Second is the Generalized Polluter Pays Principle, that we should tax things that have negative externalities—effects on other people that are harmful. When a transaction causes harm to others who were not party to the transaction, we should tax that transaction in an amount equal to the harm that it would cause, and then use that revenue to offset the damage. In effect, if you hurt someone else, you should have to pay to clean up your own mess. This makes obvious moral sense, but it also makes good economic sense; taxing externalities can improve economic efficiency and actually make everyone better off. The obvious example is again pollution (the original Polluter Pays Principle), but there are plenty of other examples as well.

Stiglitz of course supports taxes on pollution and carbon emissions, which really should be a no-brainer. They aren’t just good for the environment, they would directly increase economic efficiency. The only reason we don’t have comprehensive pollution taxes (or something similar like cap-and-trade) is again the political pressure of right-wing interests.
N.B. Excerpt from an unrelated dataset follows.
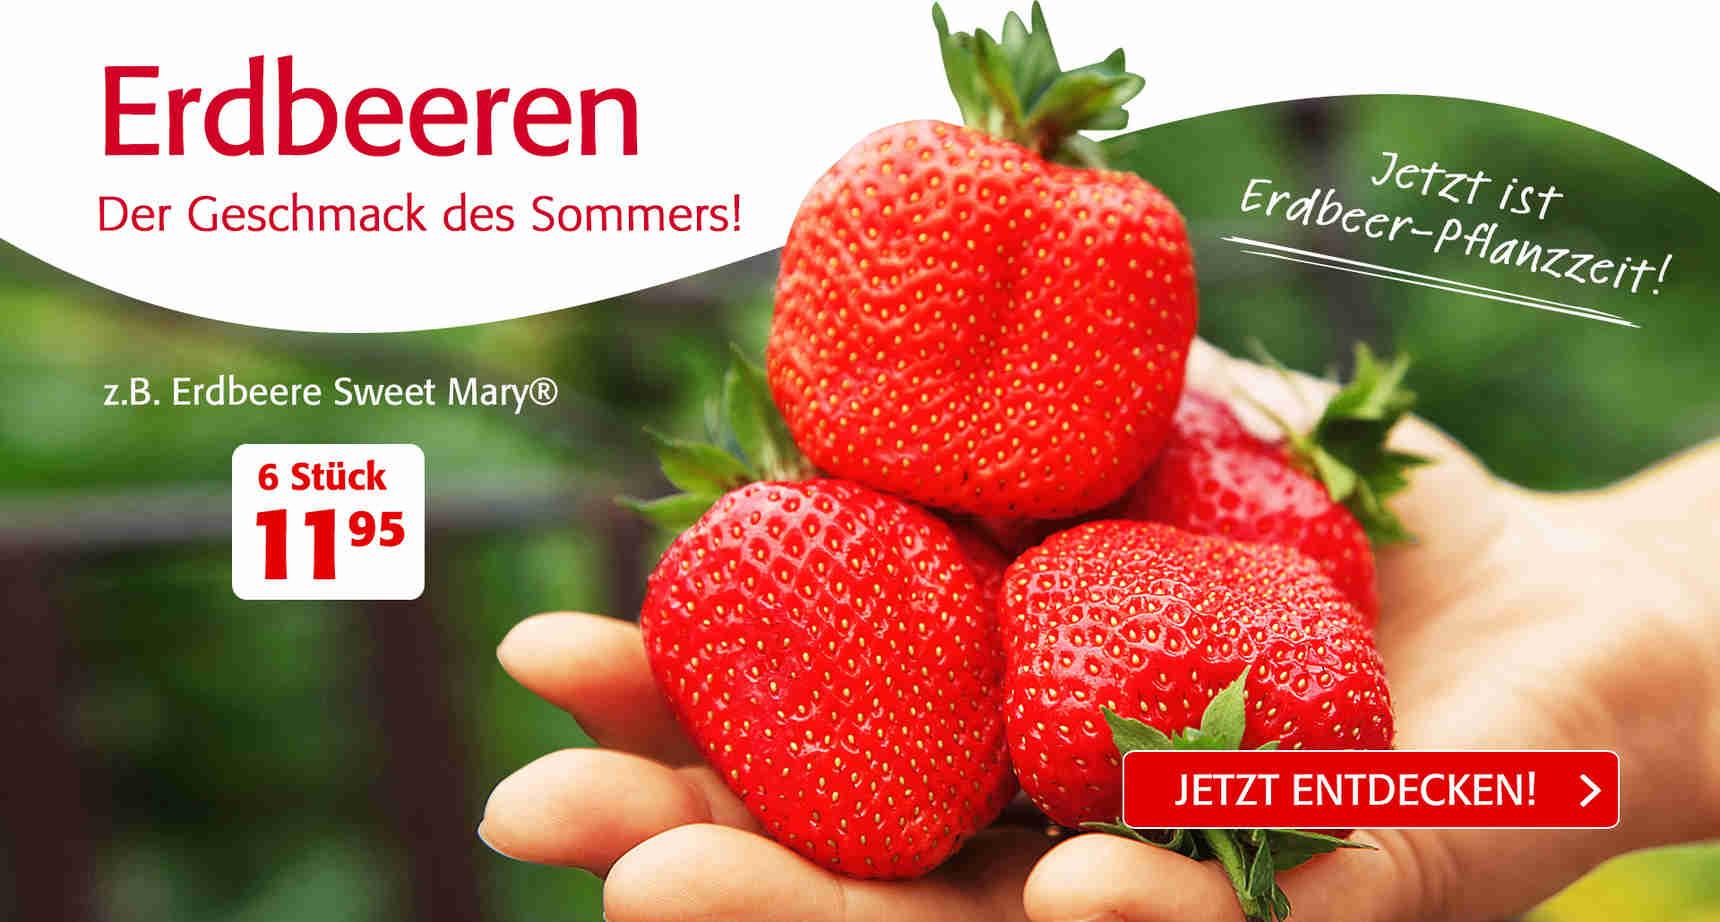 +++ (3) Erdbeeren +++ - 3

Stiglitz focuses in particular on the externalities of the financial system, the boom-and-bust cycle of bubble, crisis, crash that has characterized so much of our banking system for generations. With a few exceptions, almost every major economic crisis has been preceded by some sort of breakdown of the financial system (and typically widespread fraud by the way). It is not much exaggeration to say that without Wall Street there would be no depressions. Externalities don’t get a whole lot bigger than that.

Stiglitz proposes a system of financial transaction taxes that are designed to create incentives against the most predatory practices in finance, especially the high-frequency trading in which computer algorithms steal money from the rest of the economy thousands of times per second. Even a 0.01% tax on each financial transaction would probably be enough to eliminate this particular activity.

He also suggests the implementation of “bonus taxes” which disincentivize paying bonuses, which could basically be as simple as removing the deductions placed during the Clinton administration (in a few years are we going to have to say “the first Clinton administration”?) that exempt “performance-based pay” from most forms of income tax. All pay is performance-based, or supposed to be. There should be no special exemption for bonuses and stock options.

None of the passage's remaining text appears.